While you can derive it from the Kubo formula, I don't think that there is a general rule. While you know how the operators and the variables will transform, you don't know in the general case how the Hamiltonian will transform. The behavior of the states and of the density matrix under time-reversal symmetry is model-specific. For example, is there a magnetic field in the setup like in the QHE? or is the setup time-reversal symmetric like in the QSHE?
Once you know how the Hamiltonian, and following that the states and the density matrix will response to time-reversal operation, you can get an expression for the behavior of the Hall conductivity.

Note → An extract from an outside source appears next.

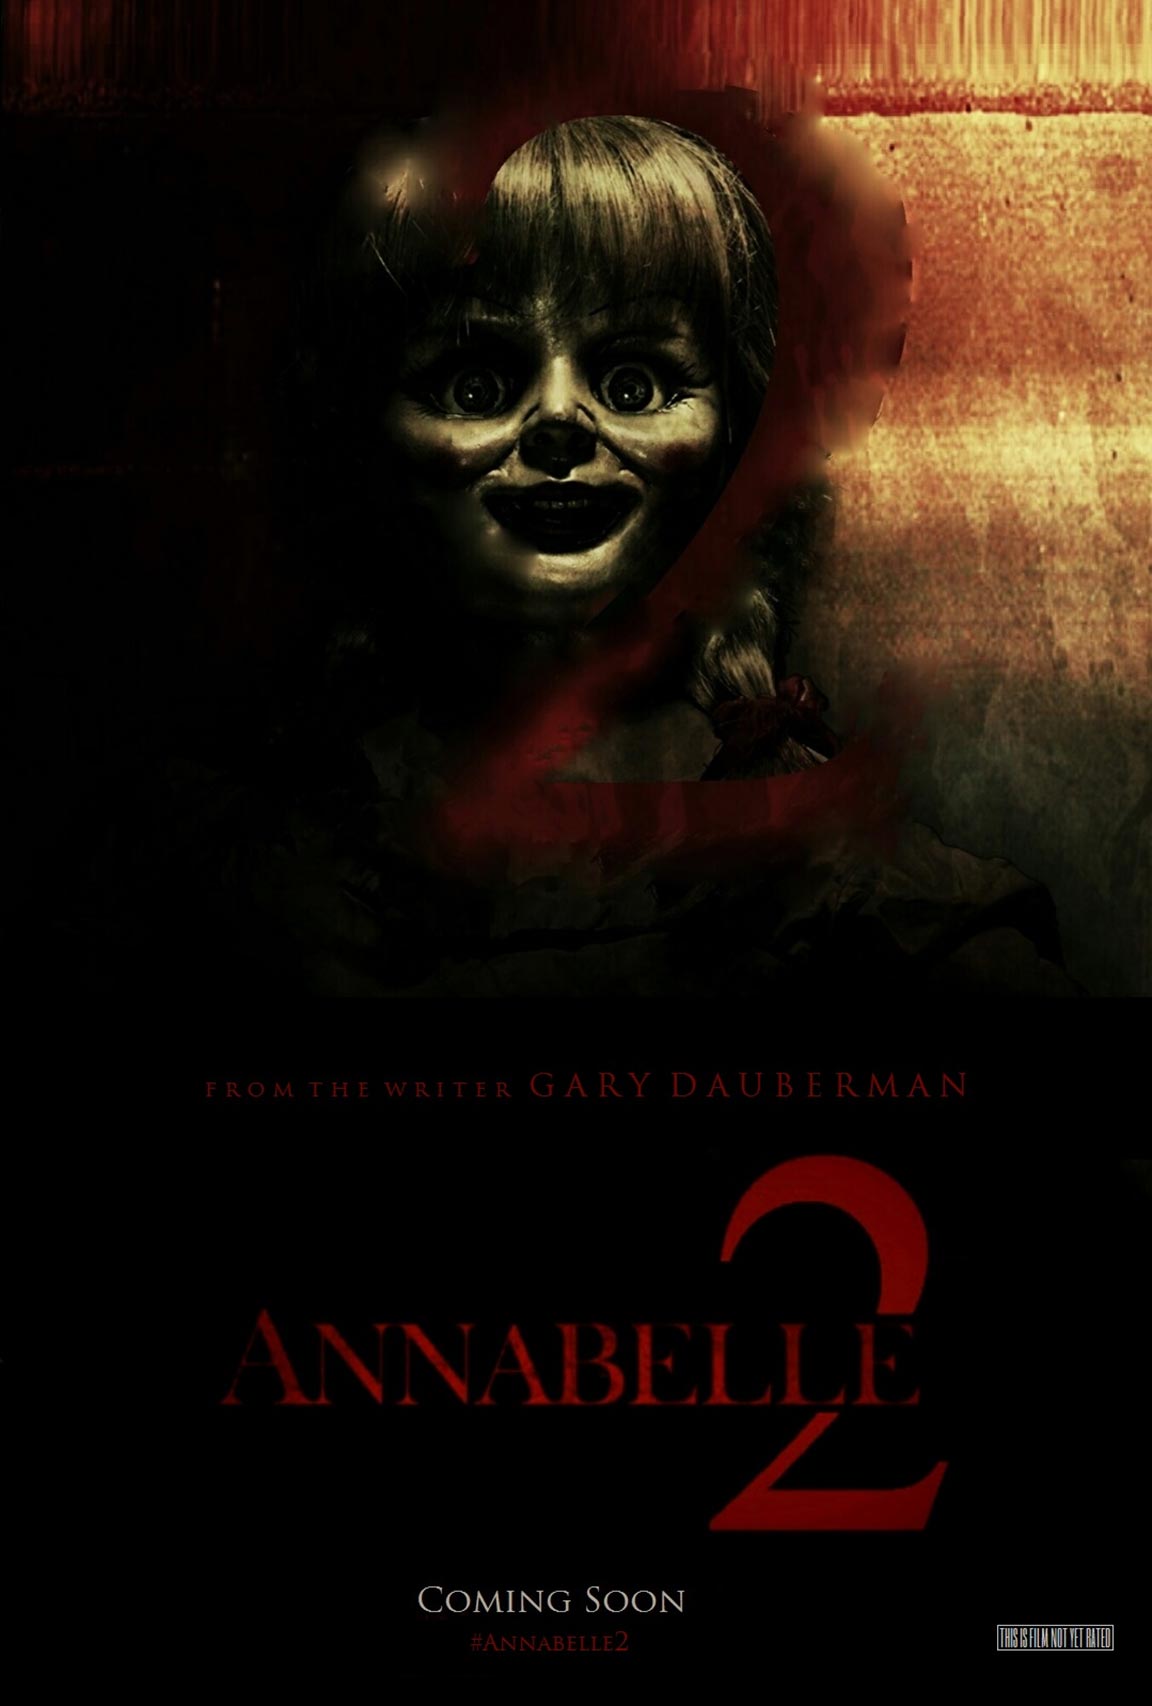  Annabelle 2 (2017) Poster

edit following discussion in comments:
The expectation value is taken with respect to the density matrix $\rho = \exp(-\beta H)$, so under TR
$$ \langle \hat{O} \rangle \to \rm{Tr} \left( T e^{-\beta H} \hat{O} T^{-1} \right)$$ and one has to know how $H$ is transformed. While it is true that when studying $\langle \psi | \hat{O} | \psi \rangle$ you can transform just the operator, once you take the thermal averaging you must enter into particulars of the setup itself. Even when you study the zero temperature limit, and then take the expectation value of the operator at the ground state, you should know that the ground state itself is the same for $H$ and $THT^{-1}$, as these two Hamiltonians might have different ground states.